The normal constraints are called hard constraints because it is mandatory for the solver to always satisfy them. If the solver fails to find a solution, then the randomization will fail.

However, a constraint declared as `soft` gives the solver some flexibility that the constraint need to be satisfied if there are other contradicting constraints - either hard or a soft constraint with higher priority.

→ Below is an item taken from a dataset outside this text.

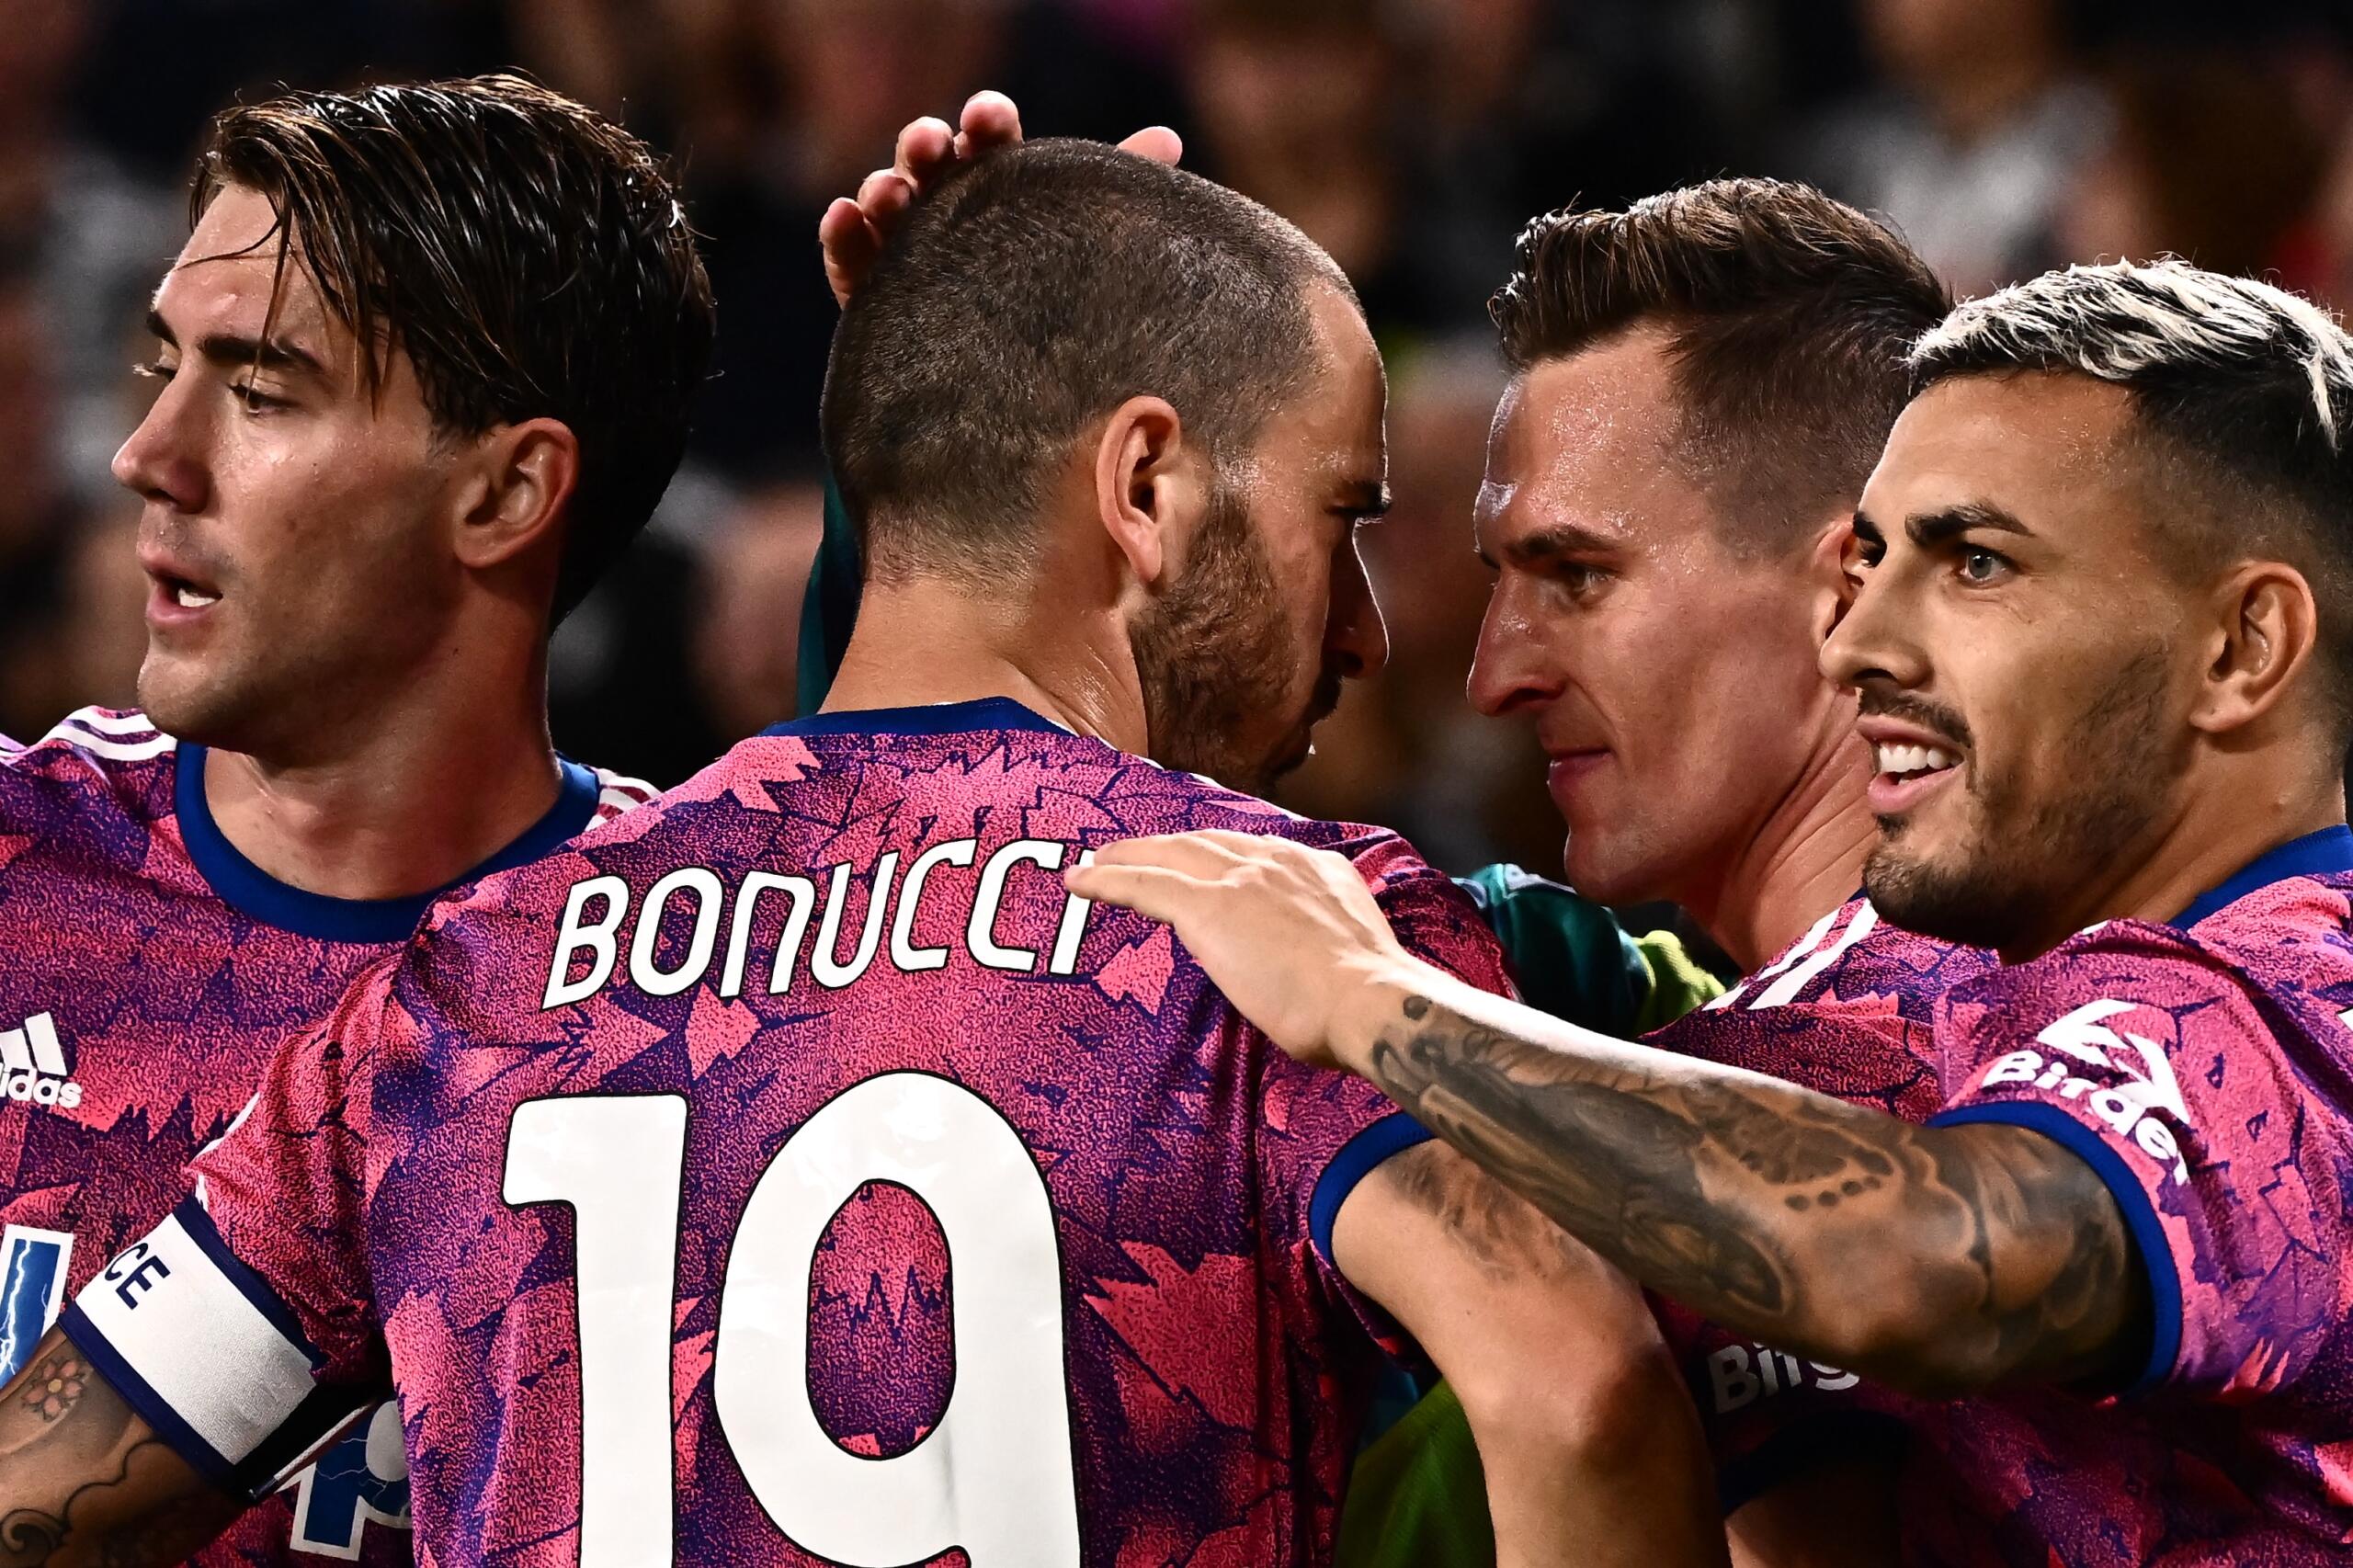 Juventus Bologna
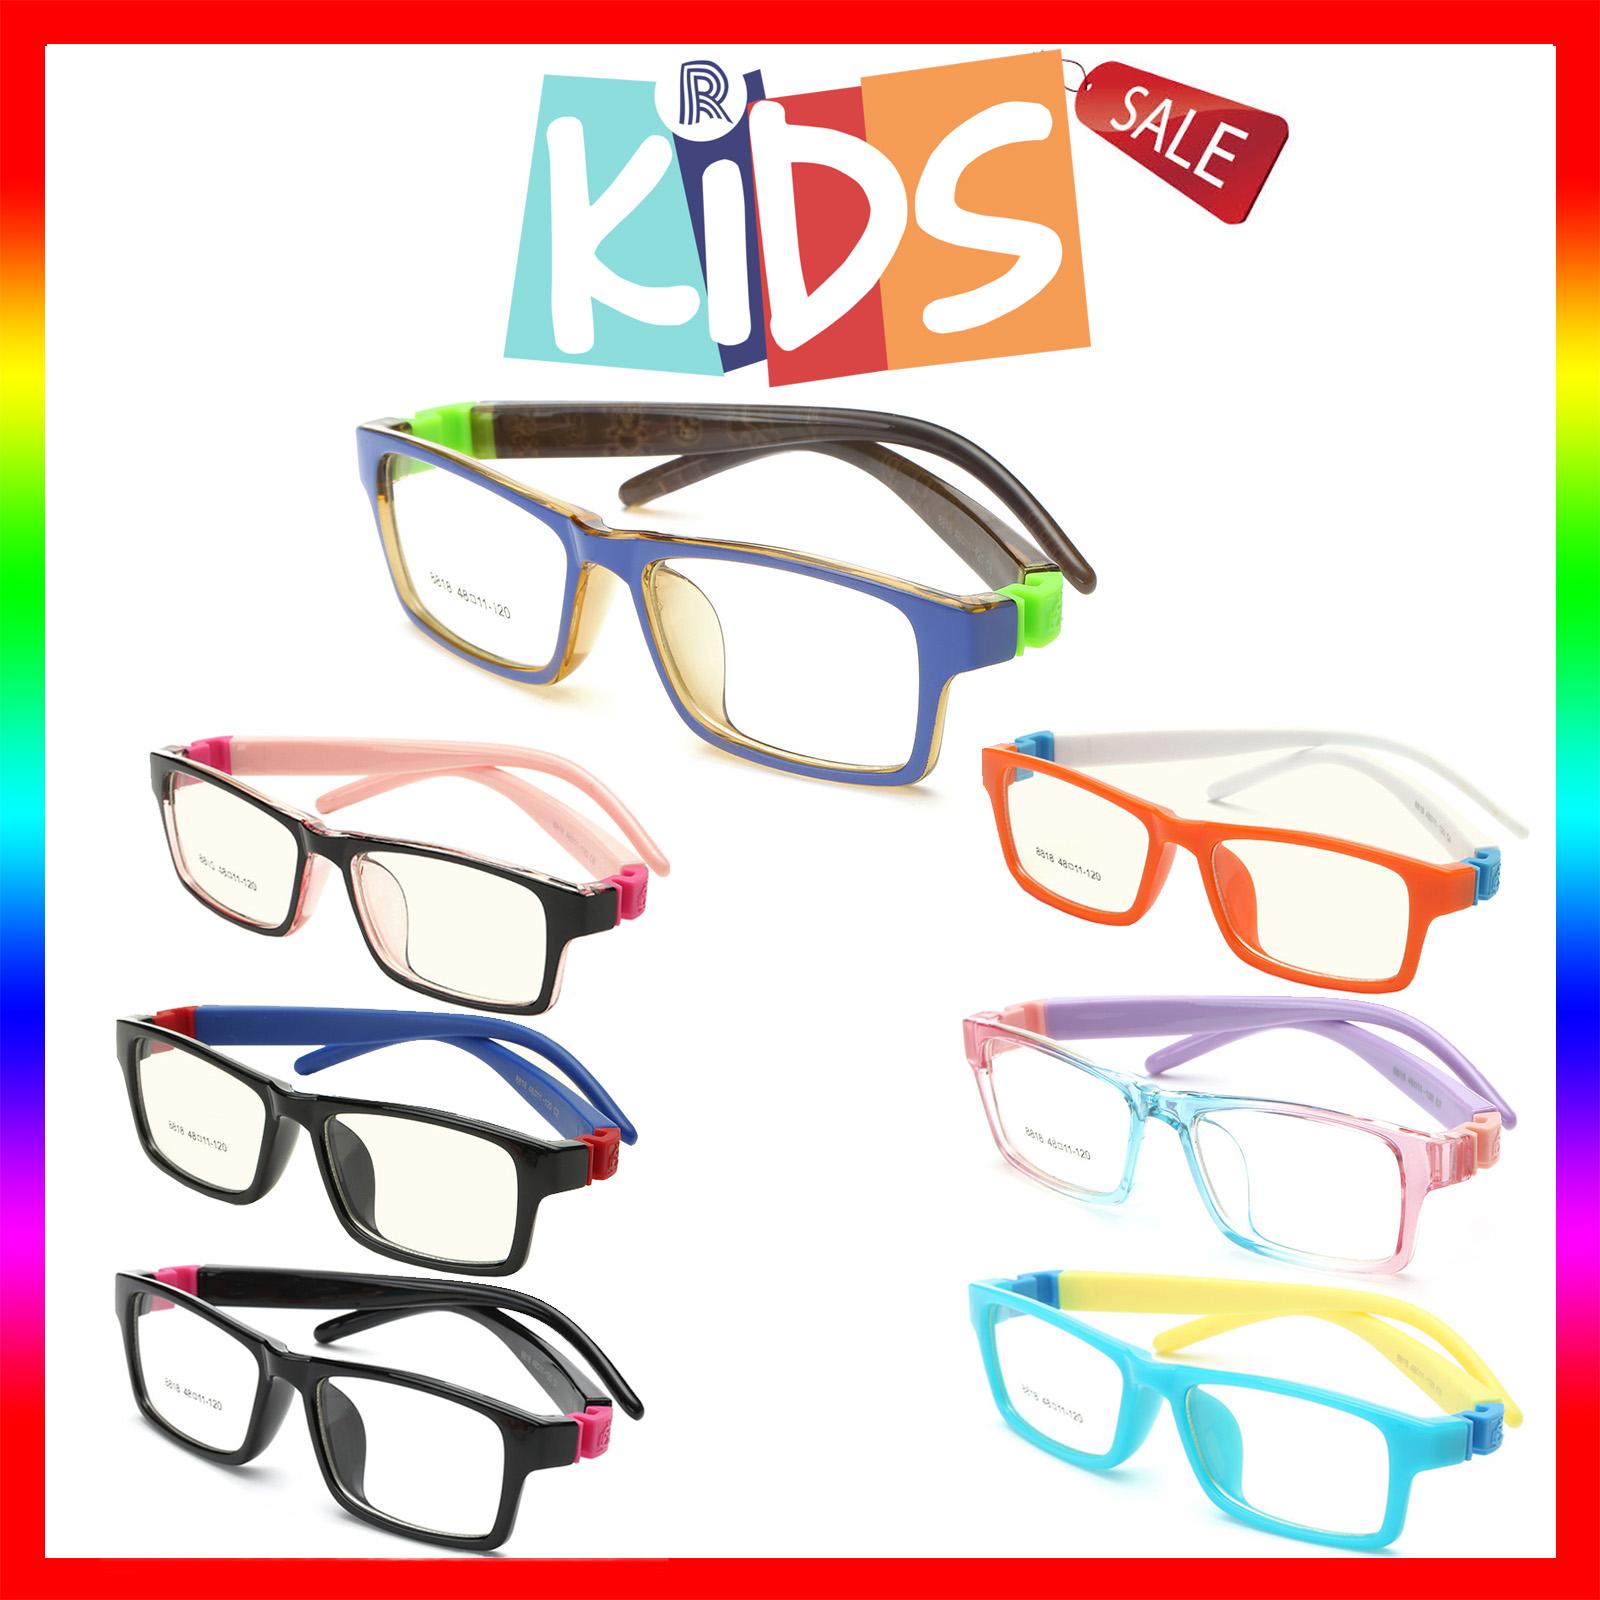 แว่นตาเกาหลีเด็ก Fashion Korea Children แว่นตาเด็ก รุ่น 8818 กรอบแว่นตาเด็ก Rectangle ทรงสี่เหลี่ยมผืนผ้า Eyeglass baby frame ( สำหรับตัดเลนส์ ) วัสดุ PC เบา ขาข้อต่อ Kid leg joints Plastic Grade A material Eyewear Top Glasses

Soft constraints are used to specify default valus and distributions for random variables.

## Example

Shown in the example below is a soft constraint that tells the solver to produce values within 4 and 12 for the variable called data.

```  ```

class ABC;
rand bit [3:0] data;

// This constraint is defined as "soft"
constraint c_data { soft data >= 4;
data <= 12; }
endclass

module tb;
ABC abc;

initial begin
abc = new;
for (int i = 0; i < 5; i++) begin
abc.randomize();
\$display ("abc = 0x%0h", abc.data);
end
end
endmodule

```
```

As expected, values of the randomized variable lies within 4 and 12.

Simulation Log
```ncsim> run
abc = 0x4
abc = 0x8
abc = 0x4
abc = 0x7
abc = 0x7
ncsim: *W,RNQUIE: Simulation is complete.

```

Let's see how a contradicting inline constraint is handled in this case.

```  ```

module tb;
ABC abc;

initial begin
abc = new;
for (int i = 0; i < 5; i++) begin
abc.randomize() with { data == 2; };
\$display ("abc = 0x%0h", abc.data);
end
end
endmodule

```
```

See that the contradicting inline constraint allowed the solver to constrain value of the variable to 2.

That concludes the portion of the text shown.